Puis, nous avons rencontré Mgr Vitaliy Krivitskiy, évêque de Kiev-Jytomyr. Avec lui, nous avons pu échanger pendant une heure et demie sur les actions de Caridad, le soutien apporté aux enfants de Jytomyr, la situation de l’Ukraine et les possibilités d’aide à y développer. Après l’audience, nous avons assisté à la messe célébrée par le père Nicolas dans la cathédrale.En début d’après-midi, nous avons visité le centre de Kiev avant de nous diriger vers un orphelinat au sud de la capitale. Nous avons pu y faire connaissance avec les enfants et échanger avec les sœurs sur leurs besoins financiers le temps d’un diner pendant lequel les jeunes nous ont joué à l’accordéon des morceaux traditionnels. Nous avons ensuite repris la route en direction de notre hôtel à proximité de l’aéroport de Kiev-Boryspil.

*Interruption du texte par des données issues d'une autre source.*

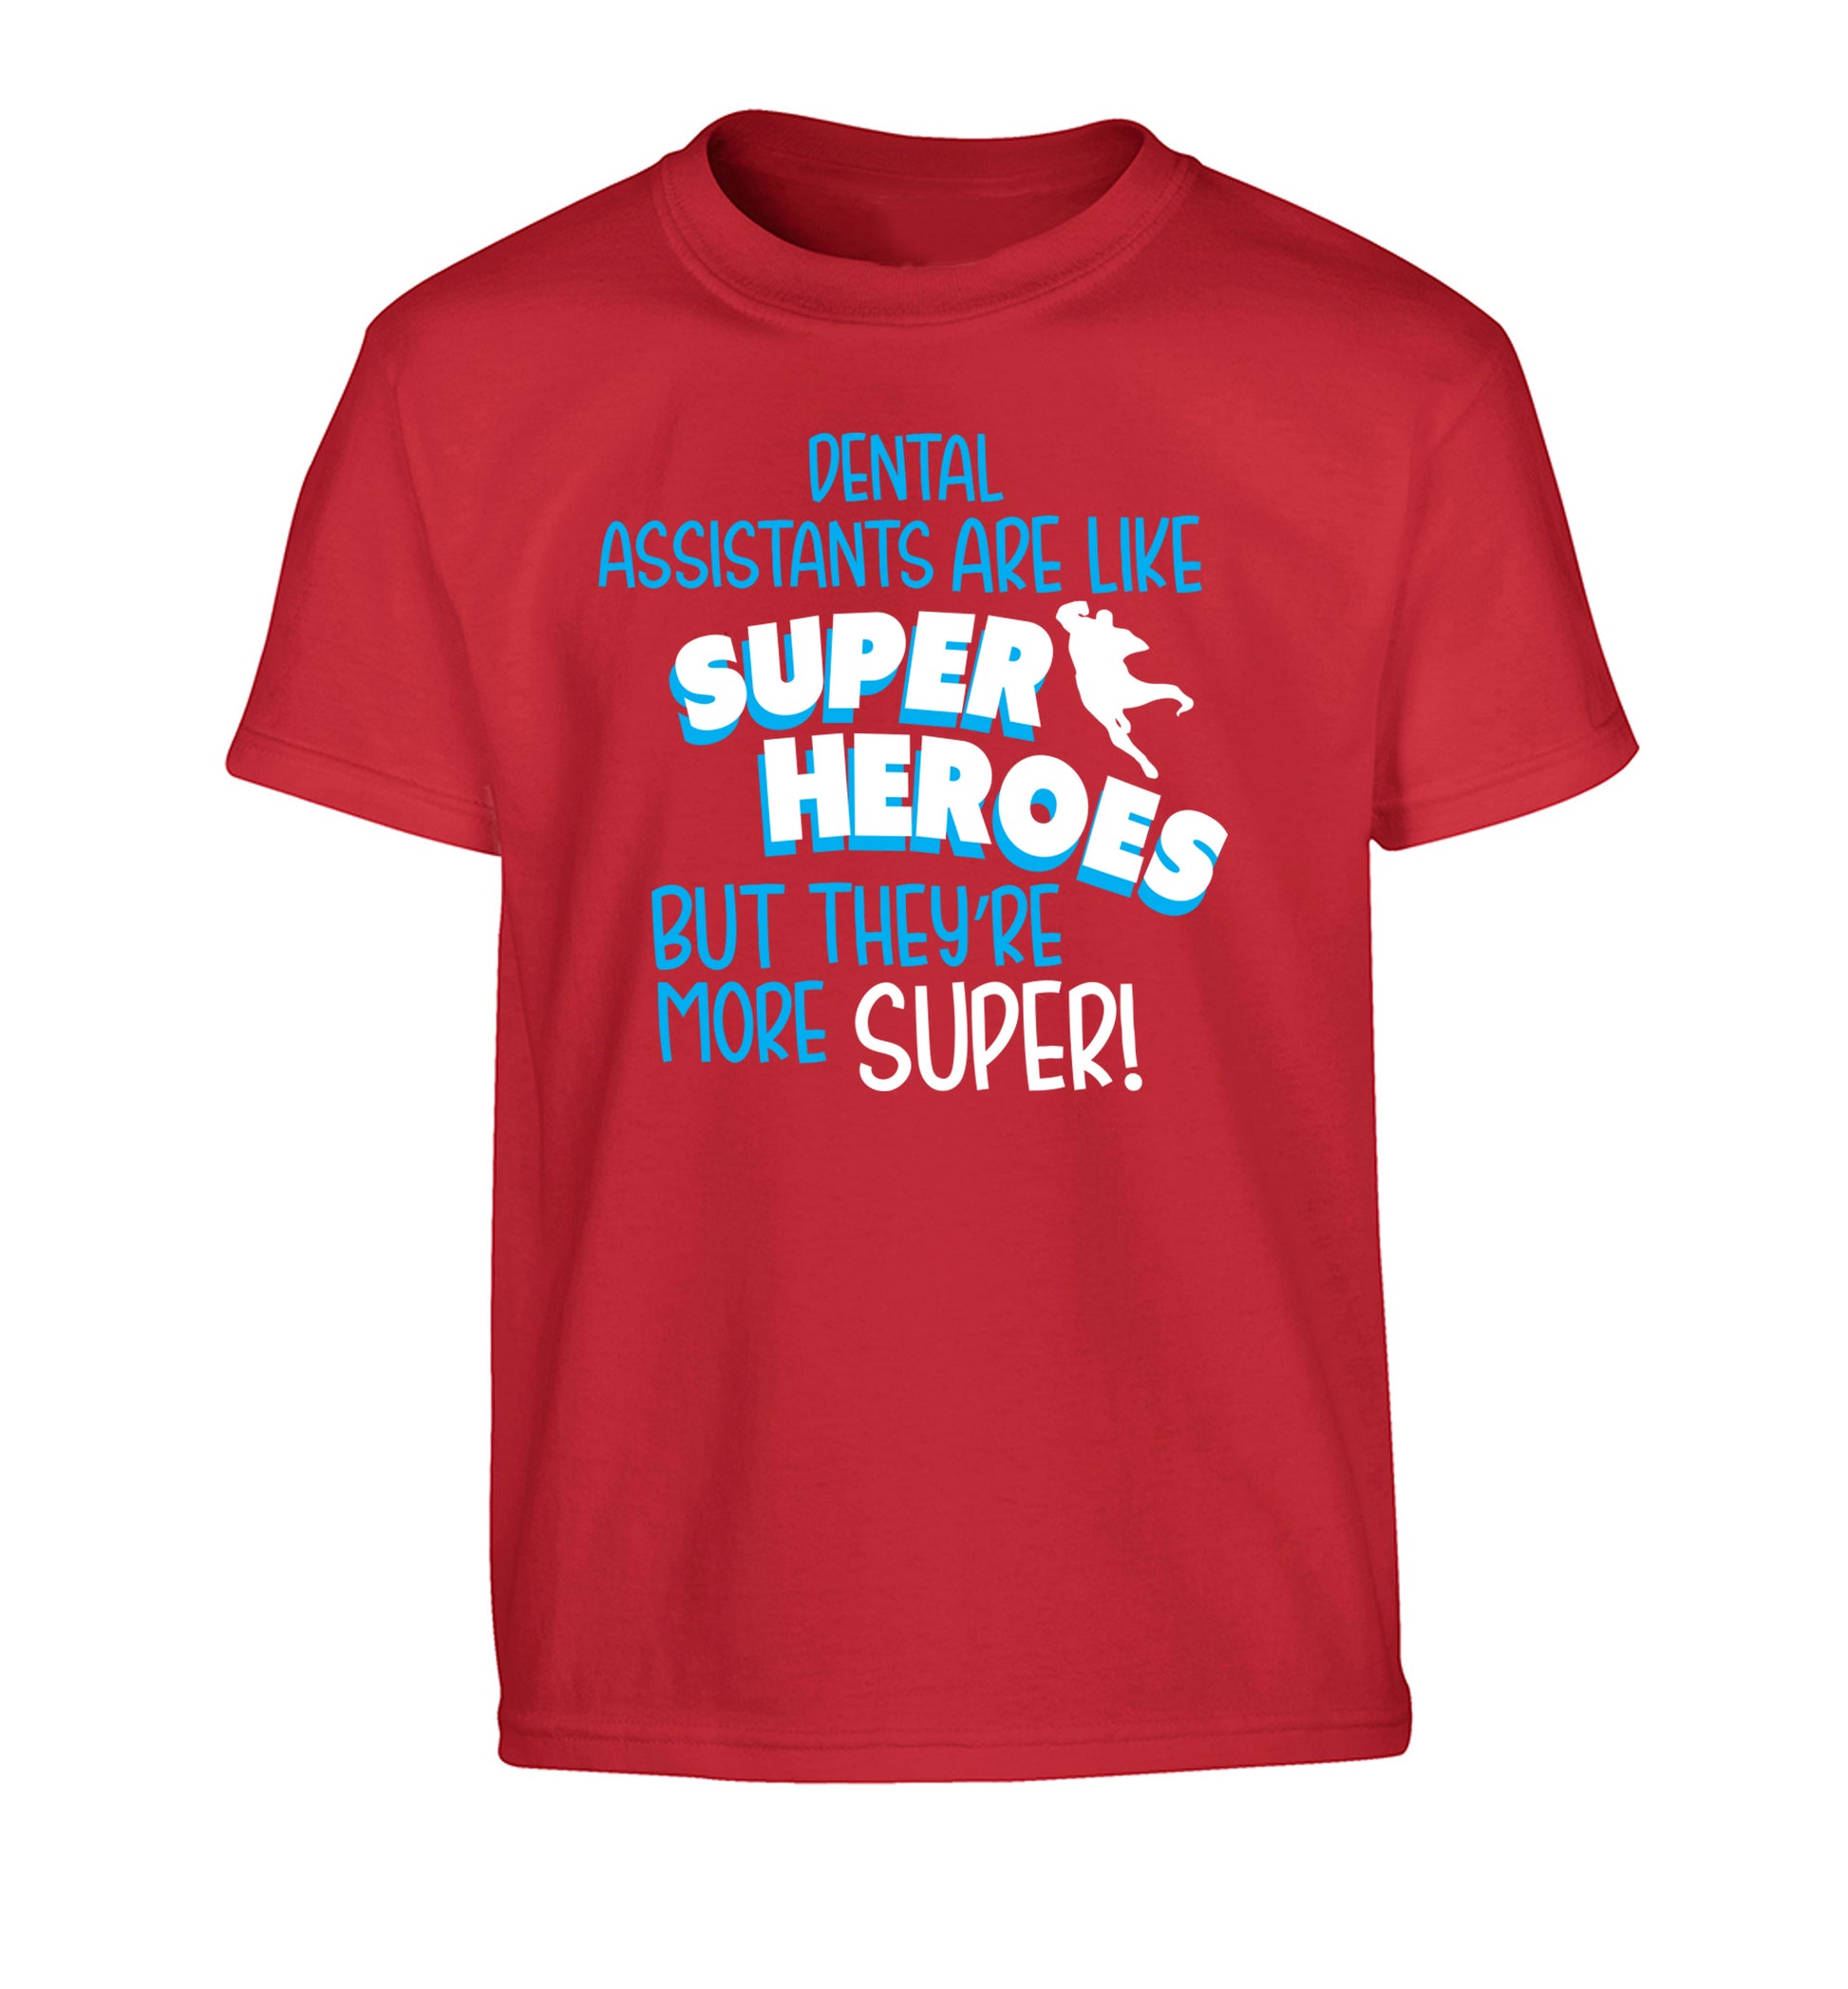 Dental Assistants are like superheros but they're more super Children's red Tshirt 12-13 Years

Mardi 19 janvier. 7 heures. Les réveils sonnent. Les valises se bouclent. La messe est célébrée dans une des deux chambres d’hôtel, puis direction l’aéroport. Le premier d’entre nous passe à l’enregistrement.
Problème : le résultat du test PCR est écrit en ukrainien. L’hôtesse lui dit alors qu’elle ne peut pas nous laisser monter dans l’avion car à Amsterdam, première escale en Union européenne, il faudra présenter un test en anglais. Nous essayons donc de joindre la clinique où nous avons été dépistés. La personne que nous avons au téléphone ne parle pas la langue de Shakespeare et nous raccroche à la figure. Il reste 1h30 avant la fin de l’enregistrement. Il faut trouver une solution. Par chance, un garde-frontière s’approche et nous lui expliquons la situation. Il nous propose alors d’appeler la clinique, ce qu’il fait dans la foulée. Tout rentre dans l’ordre, les résultats vont nous être envoyés en anglais par email.
30 secondes plus tard, c’est bon. Nous allons pouvoir monter dans l’avion.
À notre arrivée à Amsterdam, la maréchaussée vérifie nos passeports. Aucun test PCR n’est demandé. Idem à la douane. Comme quoi, il aurait été bête de rester à Kiev à cause de la traduction d’un document qui ne nous a même pas été nécessaire… Après quelques heures à l’aéroport, nous embarquons pour notre vol en direction de Paris-Charles de Gaulle. Là, rebelote. Aucun test PCR n’est demandé. Seule une prise de température nous aura été faite à notre entrée dans le terminal où nous prendrons notre avion pour Nantes.

Nous regagnons Redon à 23 heures avec des souvenirs plein la tête.